Audio Tools API (by Nobz)

This repository provides a small, self-contained Flask-based API exposing three audio tools useful for building audio applications:

Audio analysis (tempo/BPM and musical key detection)
Audio format conversion (MP3, WAV, FLAC)
Stem separation (vocals, drums, bass, melody) using Demucs

This project is intended to be an open-source developer-focused API that other applications can call to integrate audio processing features. Anyone may download, modify, and redistribute this code according to the license (see the License section).

Contents

Overview
Requirements
Quick start (macOS / Linux)
Configuration
Running the API
Endpoints and examples
File lifecycle and cleanup
Development notes and recommendations
Troubleshooting
Security considerations
Contributing and License

Overview

The codebase is organized with a clear separation of concerns:

app.py — Main Flask application that registers routes and blueprints.
routes/audio.py — Blueprint exposing the HTTP API endpoints for audio tools.
services.py — Service-layer helpers and higher-level wrappers.
utils.py — File I/O, audio analysis, FFmpeg-based conversion, health checks.
config.py — Basic runtime configuration (upload and converted folders).

Requirements

Python dependencies are listed in requirements.txt. This project also depends on system tools:

Python 3.11.13 (must be this version, for now)
System ffmpeg (install via brew install ffmpeg on macOS)
Demucs (either Python package or CLI; see notes below)

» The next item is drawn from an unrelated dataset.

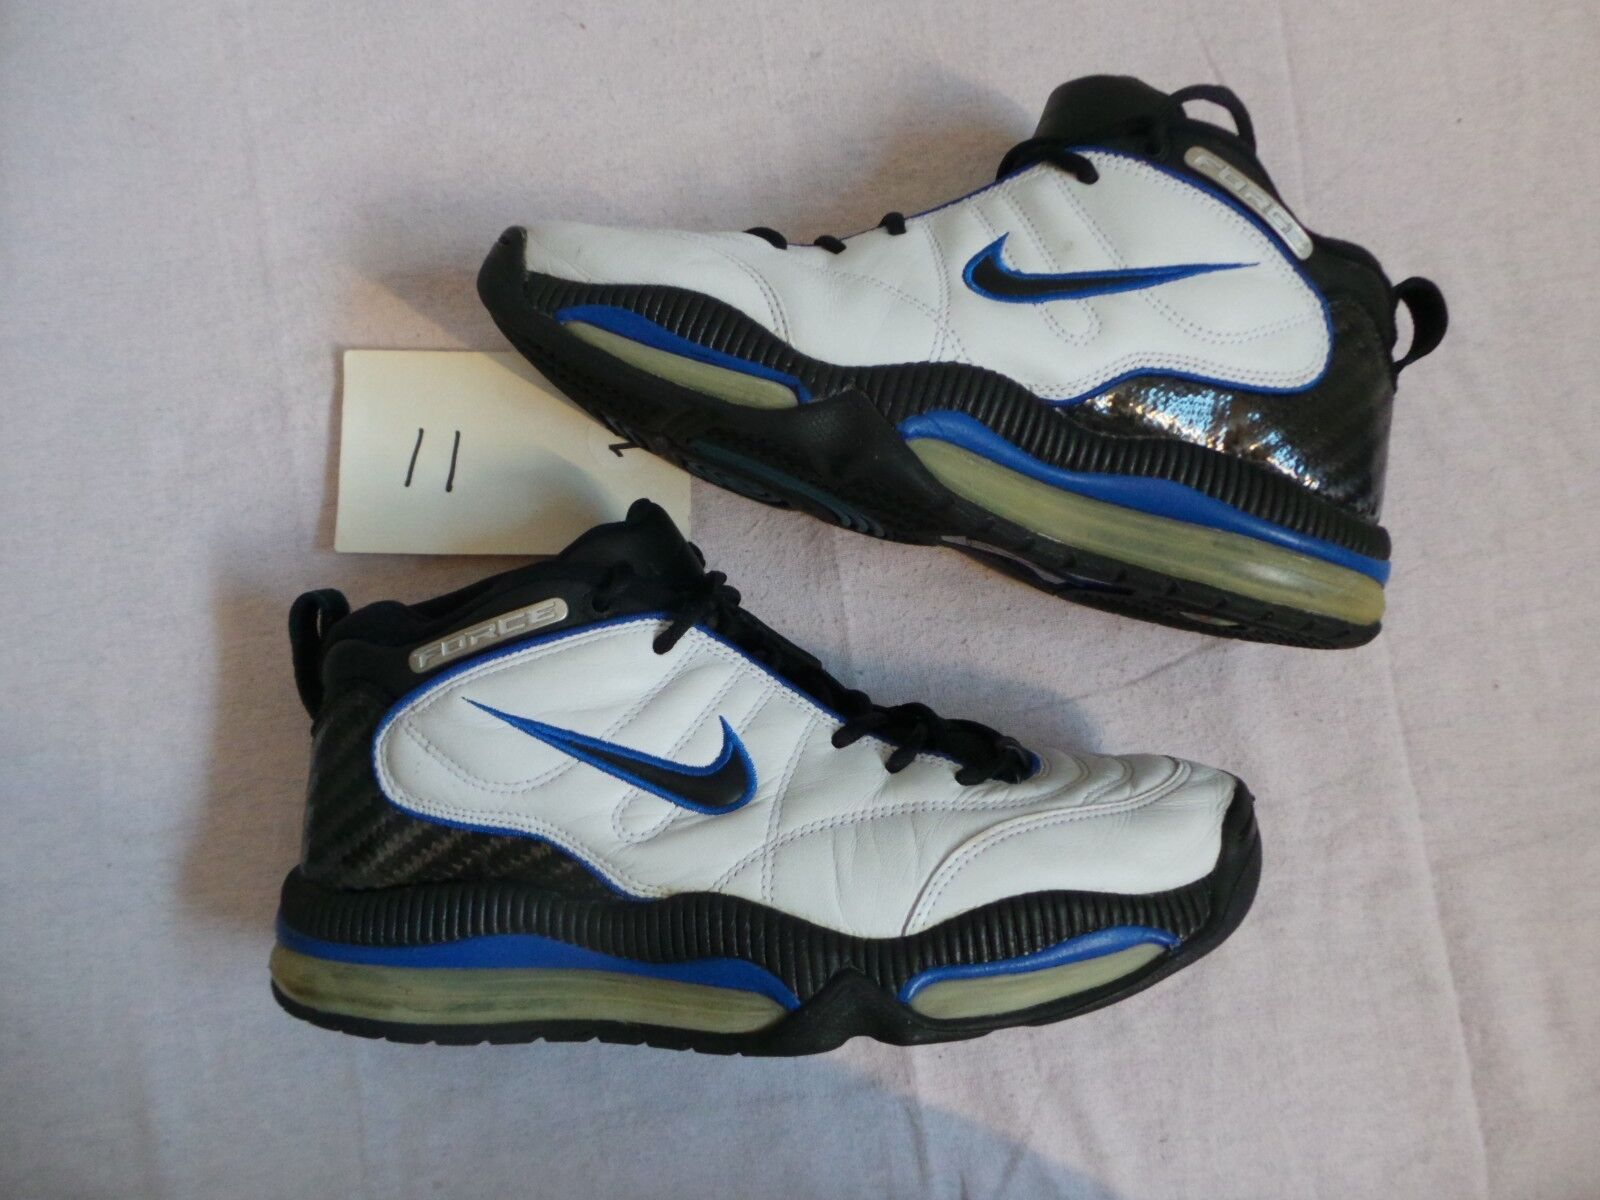 Nike Air Total Aggress Force 90s s 11 OG Vintage 90s Force Original black royal white RARE 0b1107

Note on PyTorch and Demucs:

demucs and torch may require platform-specific wheels. On macOS, you may want to install a compatible PyTorch wheel for CPU or MPS. If you plan to run stem separation locally, follow Demucs and PyTorch install instructions for your platform.

Quick start (macOS / Linux)

Clone the repository:

git clone https://github.com/nobz226/audio-tools-API.git
cd repo

Create and activate a virtual environment:

python -m venv venv
source venv/bin/activate

Install Python dependencies:

pip install -r requirements.txt

Install system dependencies (macOS example):

# install ffmpeg
brew install ffmpeg

# optional: follow Demucs installation docs; you can install the demucs pip package
pip install demucs

Start the API:

python app.py

By default the Flask app in this repository runs with app.run(..., port=5002); the server will listen on port 5002 when started this way.

Configuration

Basic runtime settings are in config.py:

UPLOAD_FOLDER — where uploaded files are saved (default: static/uploads)
CONVERTED_FOLDER — where converted or generated files are stored (default: static/converted)
SESSION_TIMEOUT — session timeout value used by the original app (may be unused in the stripped API)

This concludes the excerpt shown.